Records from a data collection
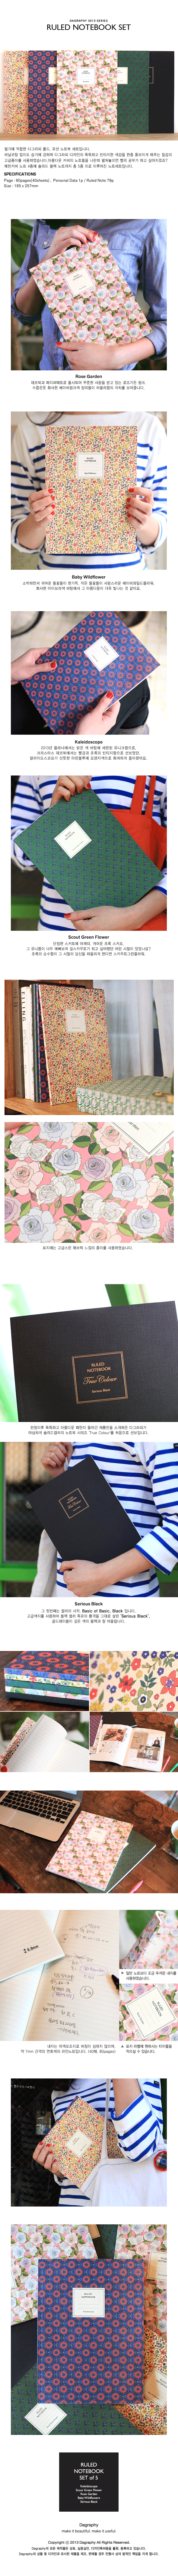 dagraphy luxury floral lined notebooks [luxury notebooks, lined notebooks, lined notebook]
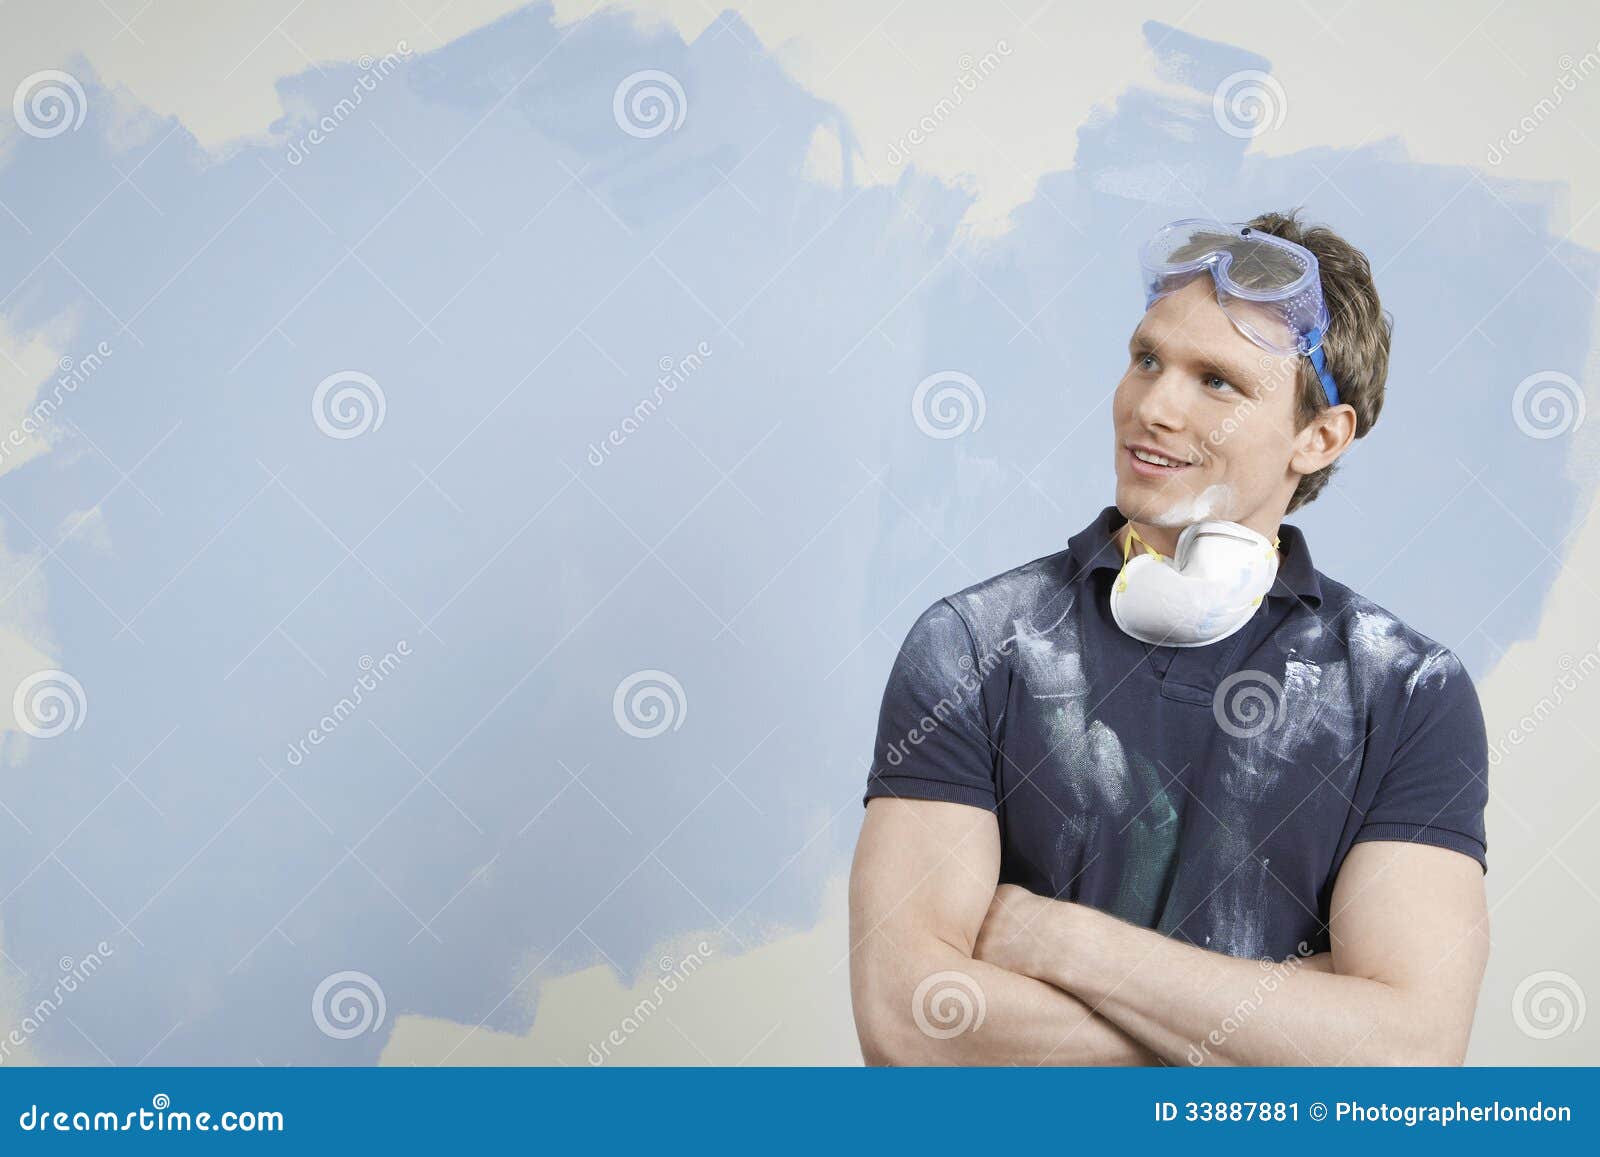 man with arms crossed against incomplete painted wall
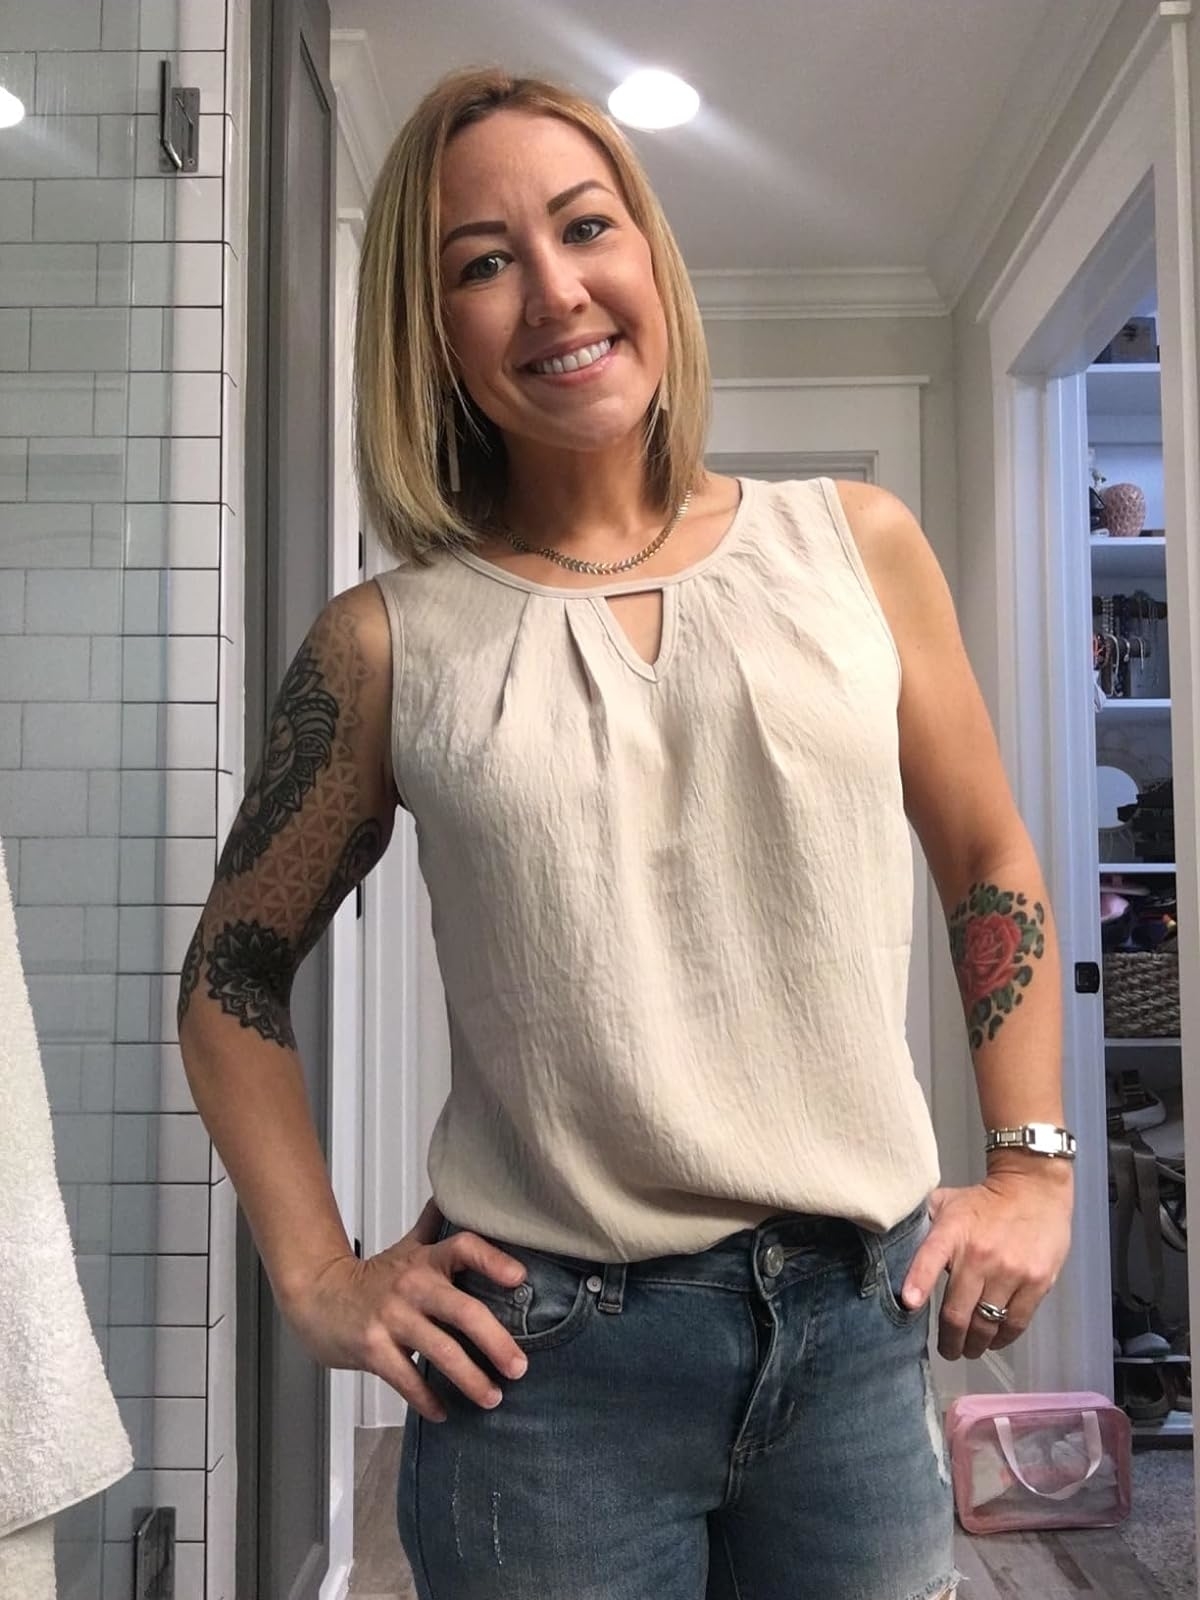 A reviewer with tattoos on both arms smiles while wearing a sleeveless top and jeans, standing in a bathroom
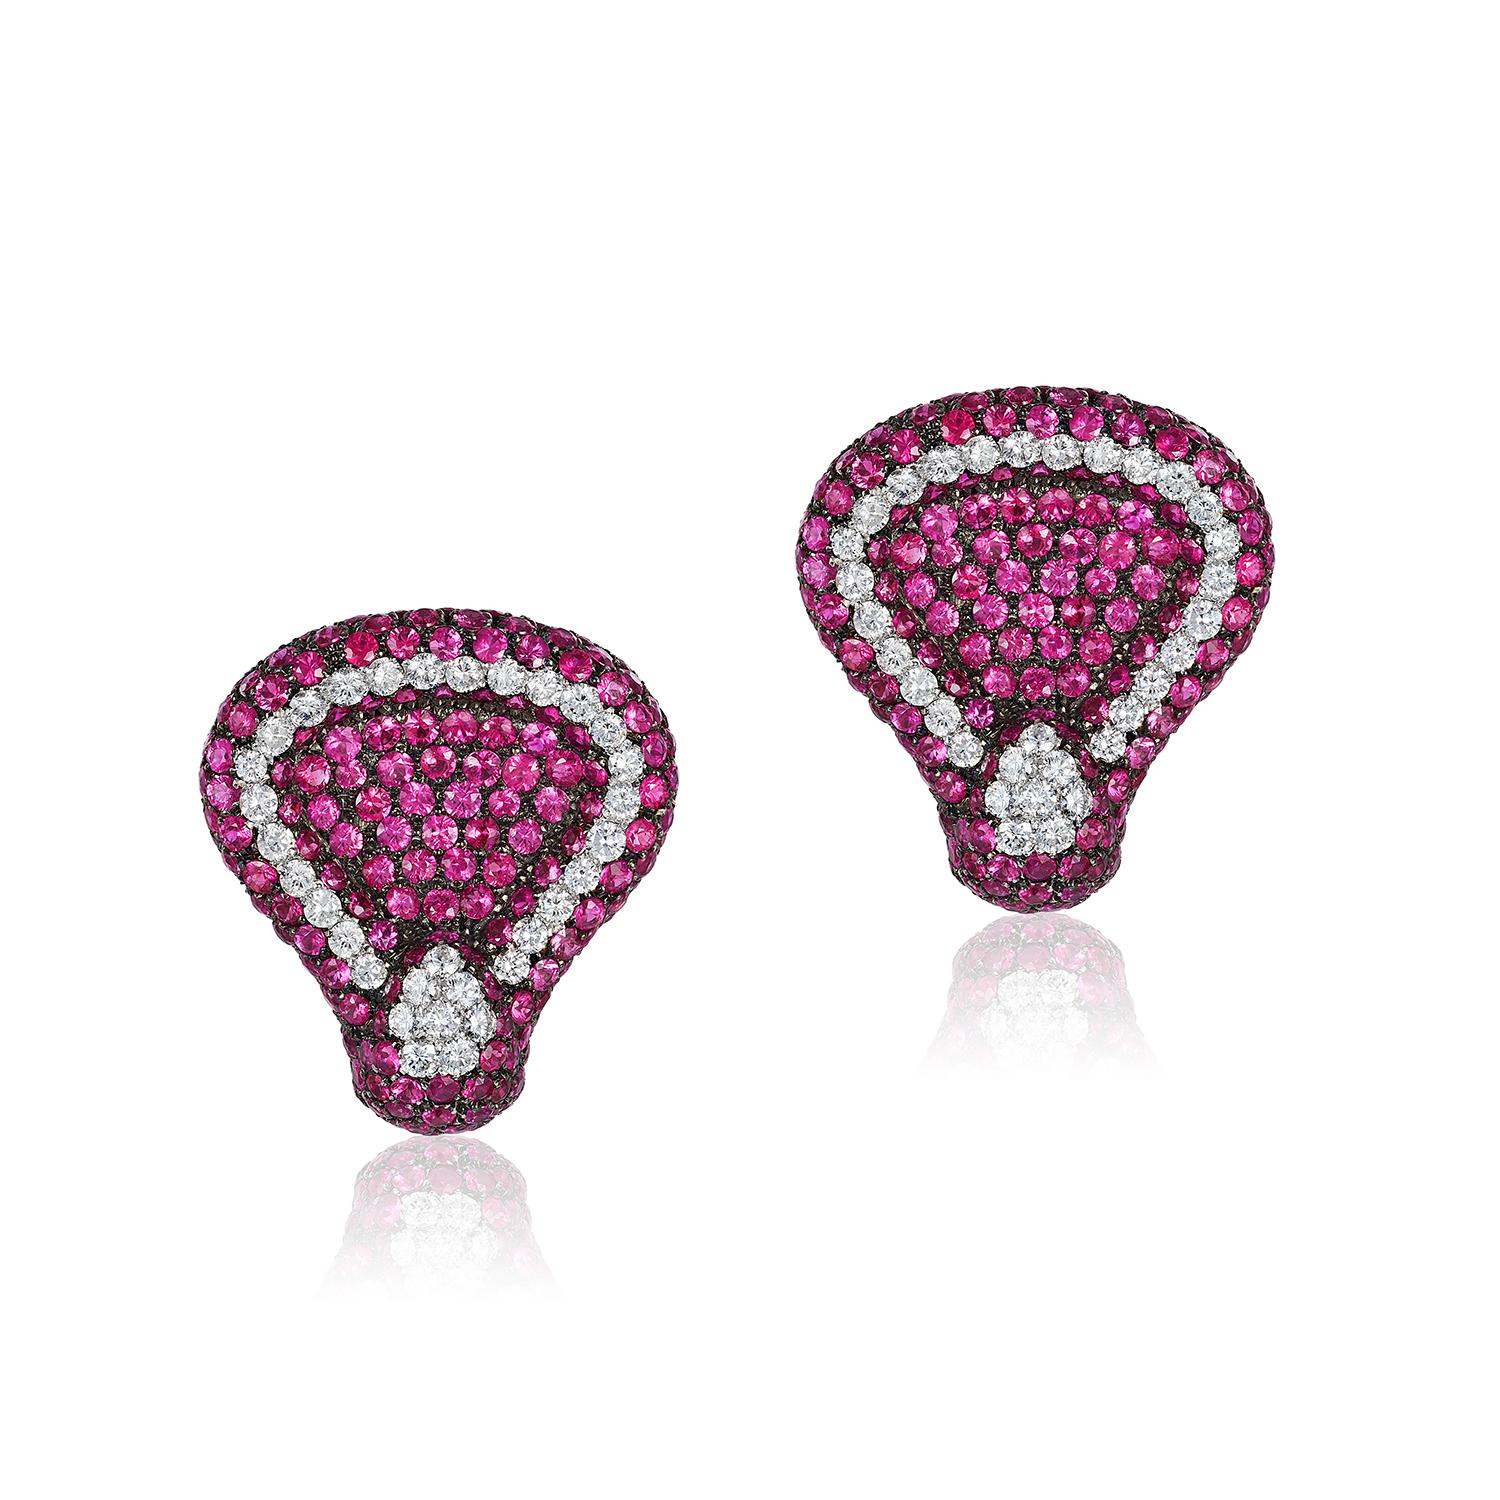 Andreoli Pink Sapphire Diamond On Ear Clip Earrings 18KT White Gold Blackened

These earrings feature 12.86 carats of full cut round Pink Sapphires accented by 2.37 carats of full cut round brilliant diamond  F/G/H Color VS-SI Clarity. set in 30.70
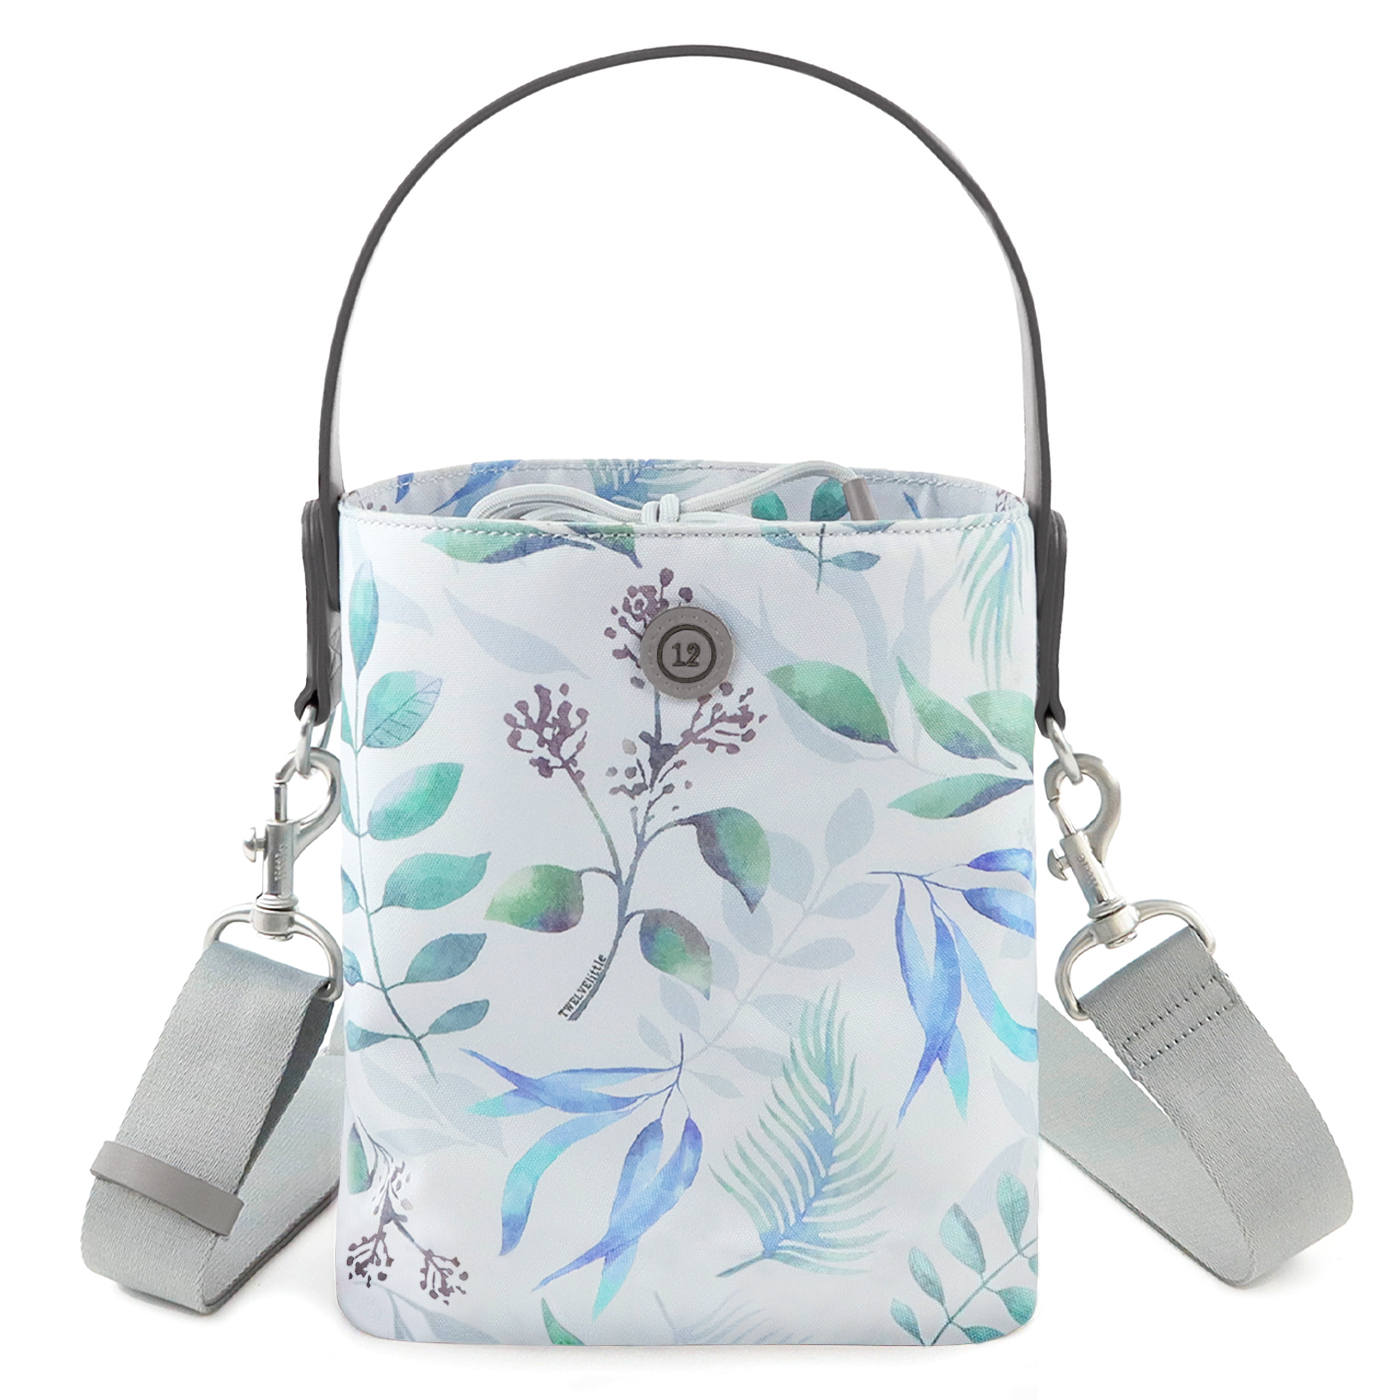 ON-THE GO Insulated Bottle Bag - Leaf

### Problem to work on
Output the line that contains "A reviewer with" and every subsequent line through the end of the entries, exactly as given, without pictures.

### Answer space
 A reviewer with tattoos on both arms smiles while wearing a sleeveless top and jeans, standing in a bathroom
 Andreoli Pink Sapphire Diamond On Ear Clip Earrings 18KT White Gold Blackened

These earrings feature 12.86 carats of full cut round Pink Sapphires accented by 2.37 carats of full cut round brilliant diamond  F/G/H Color VS-SI Clarity. set in 30.70
 ON-THE GO Insulated Bottle Bag - Leaf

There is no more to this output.